However one judges the results, there is no question that President Donald Trump has taken American trade policy in a very different direction than his predecessors going back decades. He has rejected multilateralism and severely weakened the World Trade Organization, while embracing the use of tariffs against allies and adversaries alike. Biden has been clear that, if elected, he would restore a more multilateral approach, especially with respect to challenging Chinese trade practices. He has also assured union supporters that he would put the interests of American workers at the core of his trade policy. Beyond those broad principles, however, Biden has been more vague about rolling back Trump’s tariffs, reforming and reviving the WTO, or negotiating new trade agreements.
Overall, unlike Democratic presidential candidates to his left such as Sen. Bernie Sanders of Vermont and Sen. Elizabeth Warren of Massachusetts, Biden has hewed throughout his career, including 36 years in the Senate and eight as vice president, to a mainstream approach to trade policy. While calling for the enforcement of labor and environmental standards, Biden has generally supported agreements with major trade partners. He voted for the original North American Free Trade Agreement in 1993 and for legislation paving the way for China to join the WTO in 2001, and supported the negotiation of the Trans-Pacific Partnership as Barack Obama’s vice president.

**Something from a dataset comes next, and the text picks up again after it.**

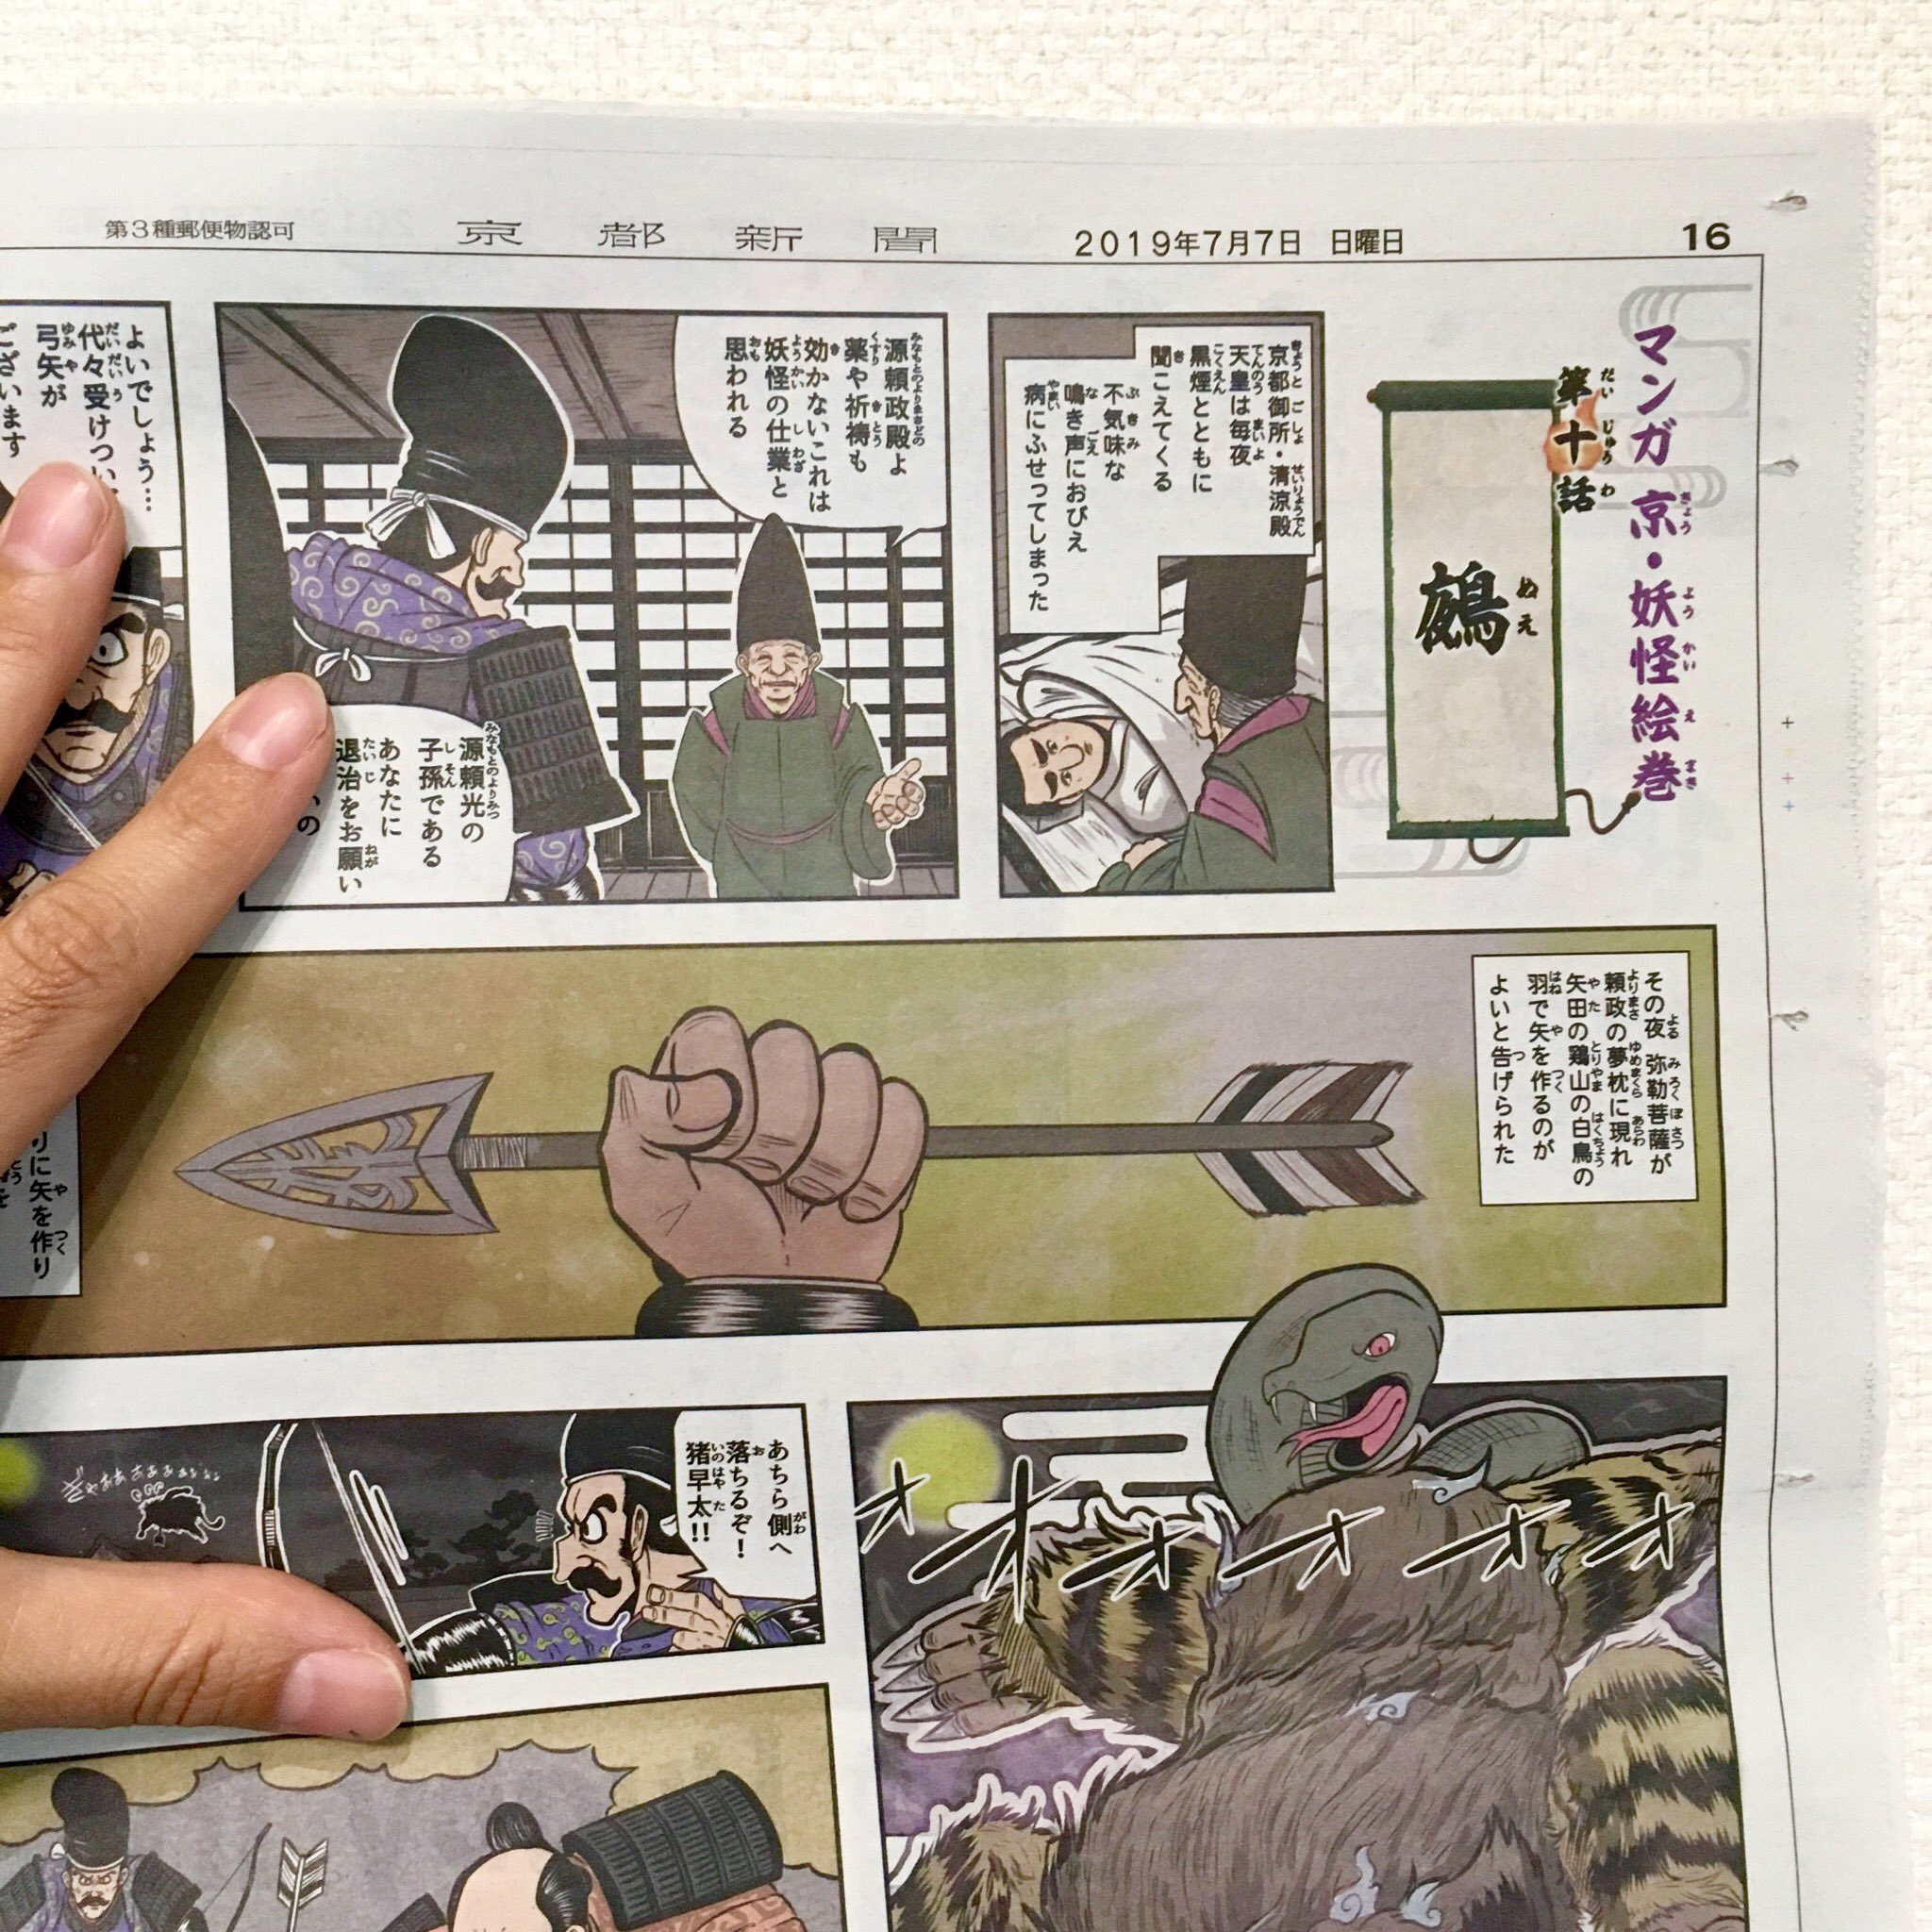 こやまもえ 京都新聞 ジュニアタイムズ 裏面の マンガ 京 妖怪絵巻 第十話 鵺 ぬえ が掲載されました 毎週日曜日 京都新聞に折り込みとして入ってます 京都新聞の方はぜひチェックしてみて下さい 京都新聞 ジュニアタイムズ マンガ京妖怪

In a July 9, 2019, speech on foreign policy, however, Biden declared that, “There’s no going back to business as usual on trade with me.” Obama also ran on and came into office with a cautious approach to trade policy. But he ultimately pushed long-stalled trade agreements with South Korea and Colombia through Congress, and negotiated the TPP, renamed the Comprehensive and Progressive Agreement for Trans-Pacific Partnership by the 11 Pacific Rim countries that chose to proceed with the pact after Trump withdrew from it soon after taking office.